ASTANA, March 28 (Reuters) - Kazakhstan's long-serving President Nursultan Nazarbayev made a rare reference to the succession on Friday, saying the time would come when he had to make way for a younger generation.

"I would like to clarify this nonsense that the first president, that is me, can stay in power for an unlimited number of terms," said Nazarbayev, 67, who has ruled Kazakhstan since it declared independence from the Soviet Union in 1991.

"That does not mean I will be here forever," he told Reuters in an interview. Nazarbayev last won election in 2005, securing 91 percent of the vote in a poll criticised by Western observers. Parliament last year voted to allow him to stay in office for an unlimited number of terms.

Speaking at his three-year-old palace in the new capital Astana, Nazarbayev noted that Kazakhstan's next presidential election would be held in 2012, then added:

"But I have been in this job for so many years and after all I might hand it over to the next generation, so to say, when I see that we need new, fresh people...this is an electoral process".

TABOO SUBJECT

The comment was unusual because discussion of the presidential succession is a taboo topic in Kazakhstan and Nazarbayev himself never normally refers to it.

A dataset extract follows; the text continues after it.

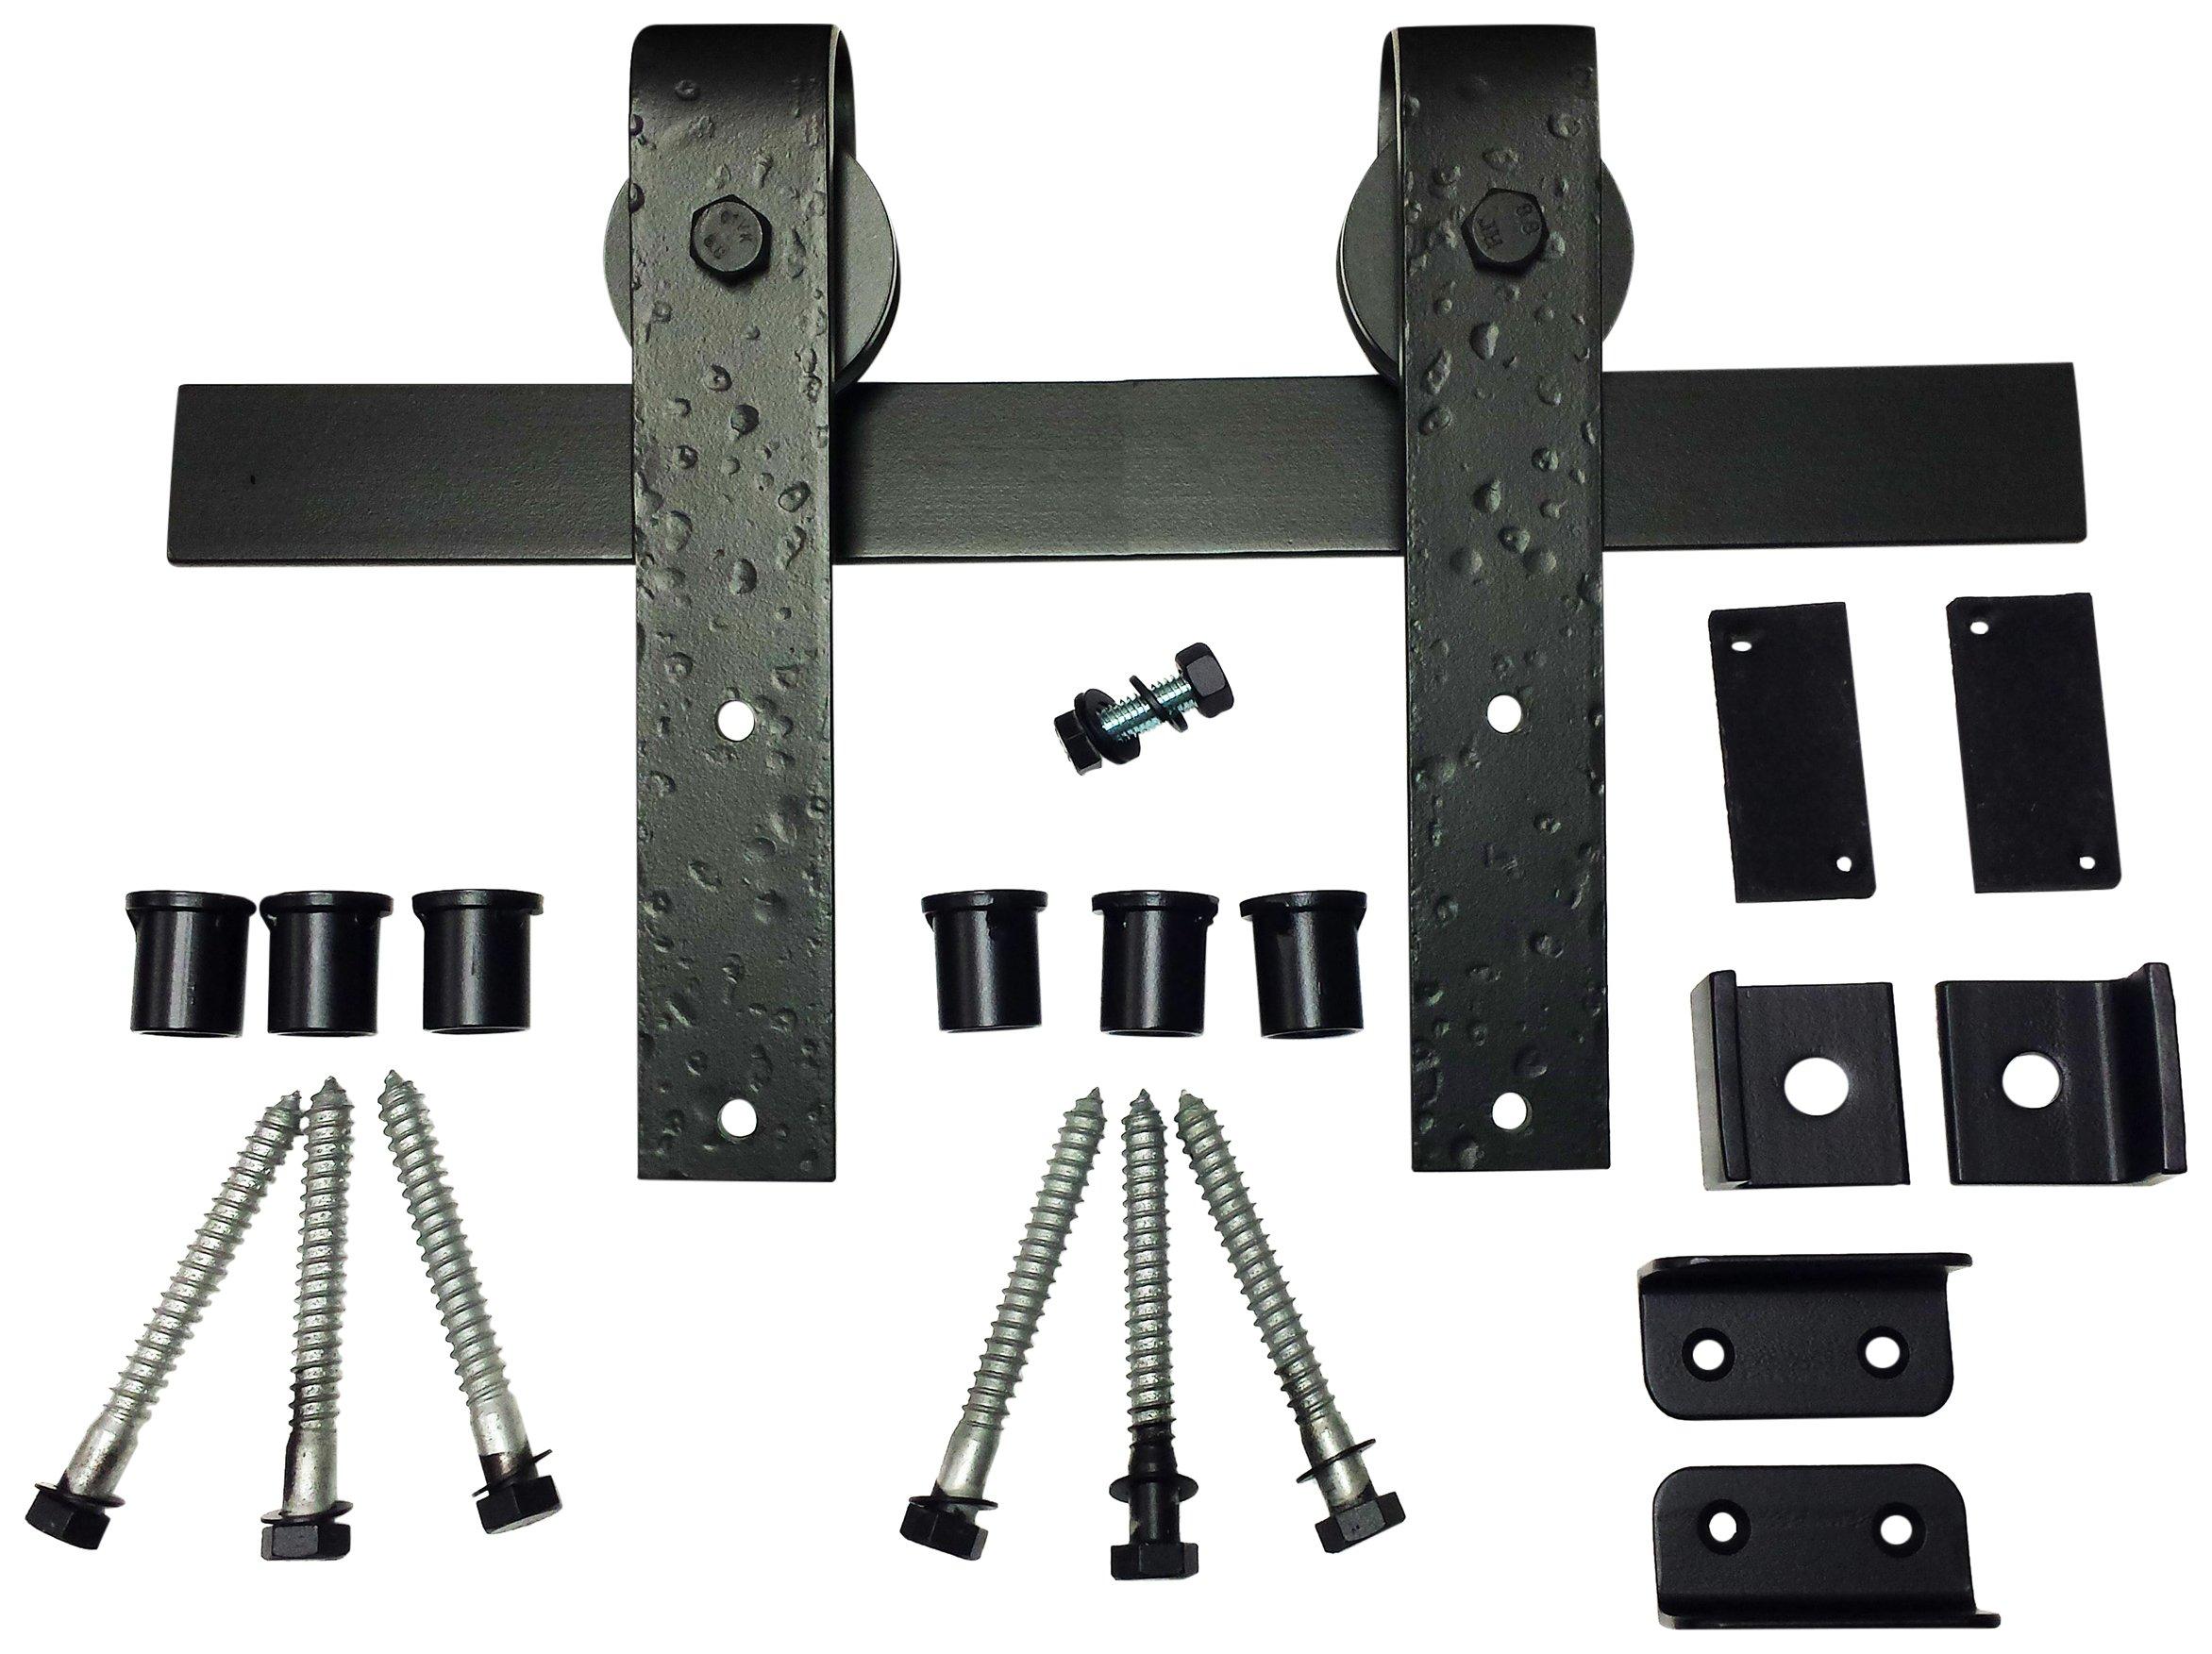 Agave Ironworks RH003-5-01 Barn Door Hardware System with 5' Track, Flat Black Finish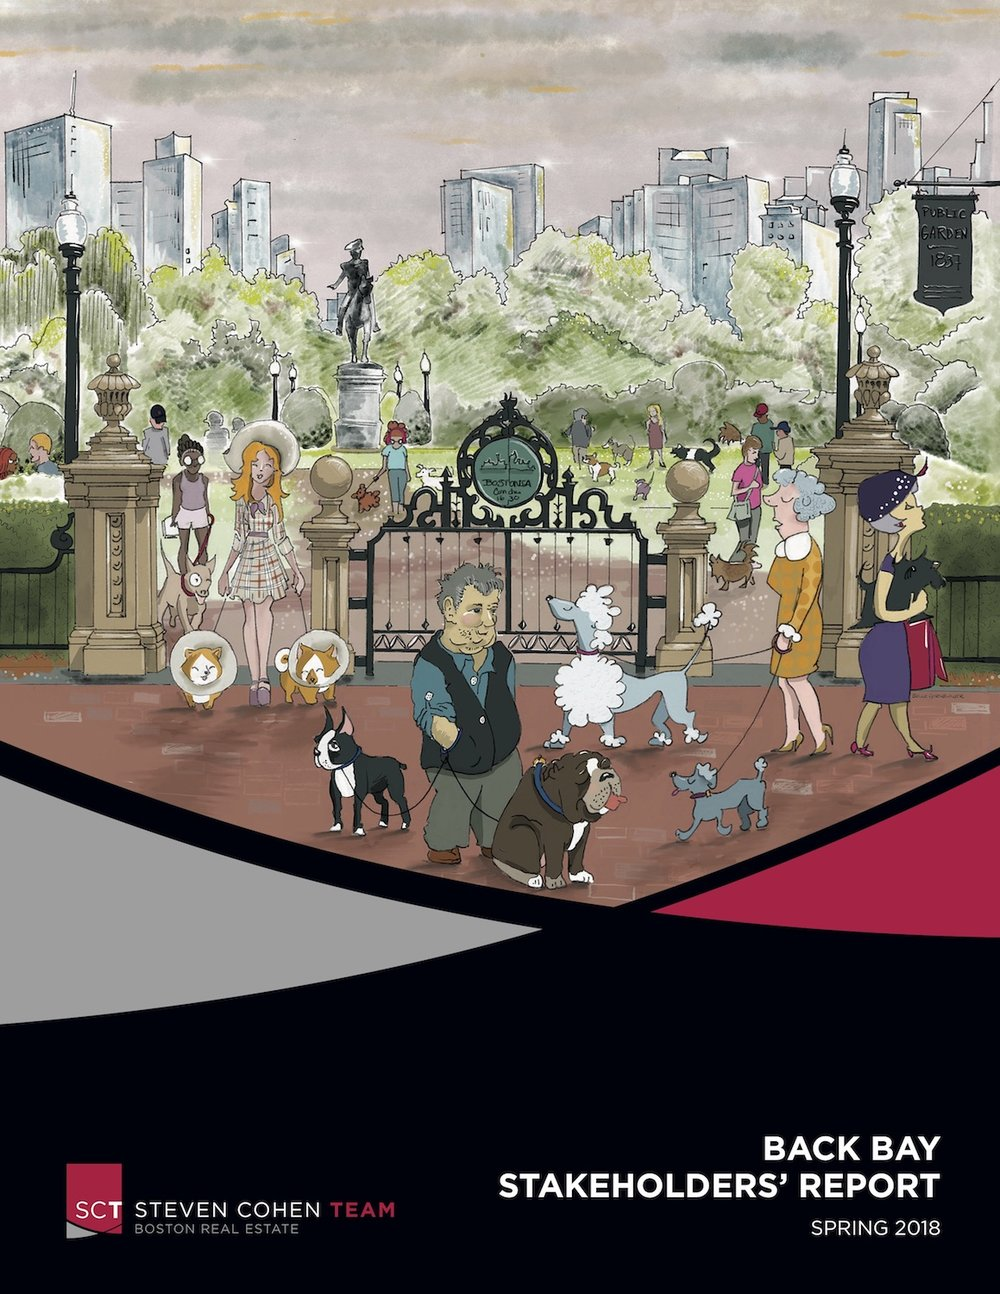 Back Bay Stakeholders' Report Spring 2018.jpg

The president, a former steelworker who became Communist leader of then-Soviet Kazakhstan in 1989, declined to say whom he considered a possible successor.

"We have a lot of them here ... I think I should not give any names now to avoid upsetting anyone," he said.

Diplomats describe Nazarbayev as a leader who carefully balances the interests of different groups among Kazakhstan's elite, shuffling key posts frequently to avoid any threats or rivalry.

Several of the president's family members hold key positions of influence. His eldest daughter Dariga has in the past been tipped as a possible successor, as has his son-in-law Timur Kulibayev, a powerful businessman.

The president dismissed criticism of Kazakhstan's fledgling democracy, saying his country had never had the opportunity to build any kind of democratic tradition under two centuries of Russian tsarism and then decades of Soviet rule.

"I would like to create a democracy like in America but where can I find enough Americans for that in Kazakhstan?" he joked. "Our general goal is to build a free civic society and a market social economy. We are moving towards it step by step."

Kazakhstan lies in a region full of authoritarian governments. Its neighbour Uzbekistan drew international condemnation after government troops opened fire on demonstrators in the town of Andizhan in May 2005, killing hundreds of people.

"No country around Kazakhstan can be called a real democracy," Nazarbayev said. "I think we have made the best progress in this short period of time in this respect."

ECONOMY FIRST

He added: "We have created an attractive, open and free market economy in our country. The main goal of our work has been based on the following principle: the economy first, and only then politics."

Giving clues about his own vision of how democracy should develop in Kazakhstan, a country full of steppe and desert and still populated partly by nomads, Nazarbayev said it would only have a "responsible electorate" when half the population were involved in small and medium-sized businesses.

He stressed the importance of maintaining and respecting the balance between Kazakhstan's diverse ethnic and religious communities.

About a quarter of the population are native Russians and the new capital Astana boasts a Catholic church, a synagogue and a Buddhist temple alongside its mosque for the majority Muslim worshippers.

Nazarbayev also appeared to suggest that with its diverse ethnic groups, Kazakhstan might not be ready for full-scale Western democracy.

"How many attempts have been made to instill U.S.-type democracy in African countries? And look at what it has led to...tribal warfare," he remarked.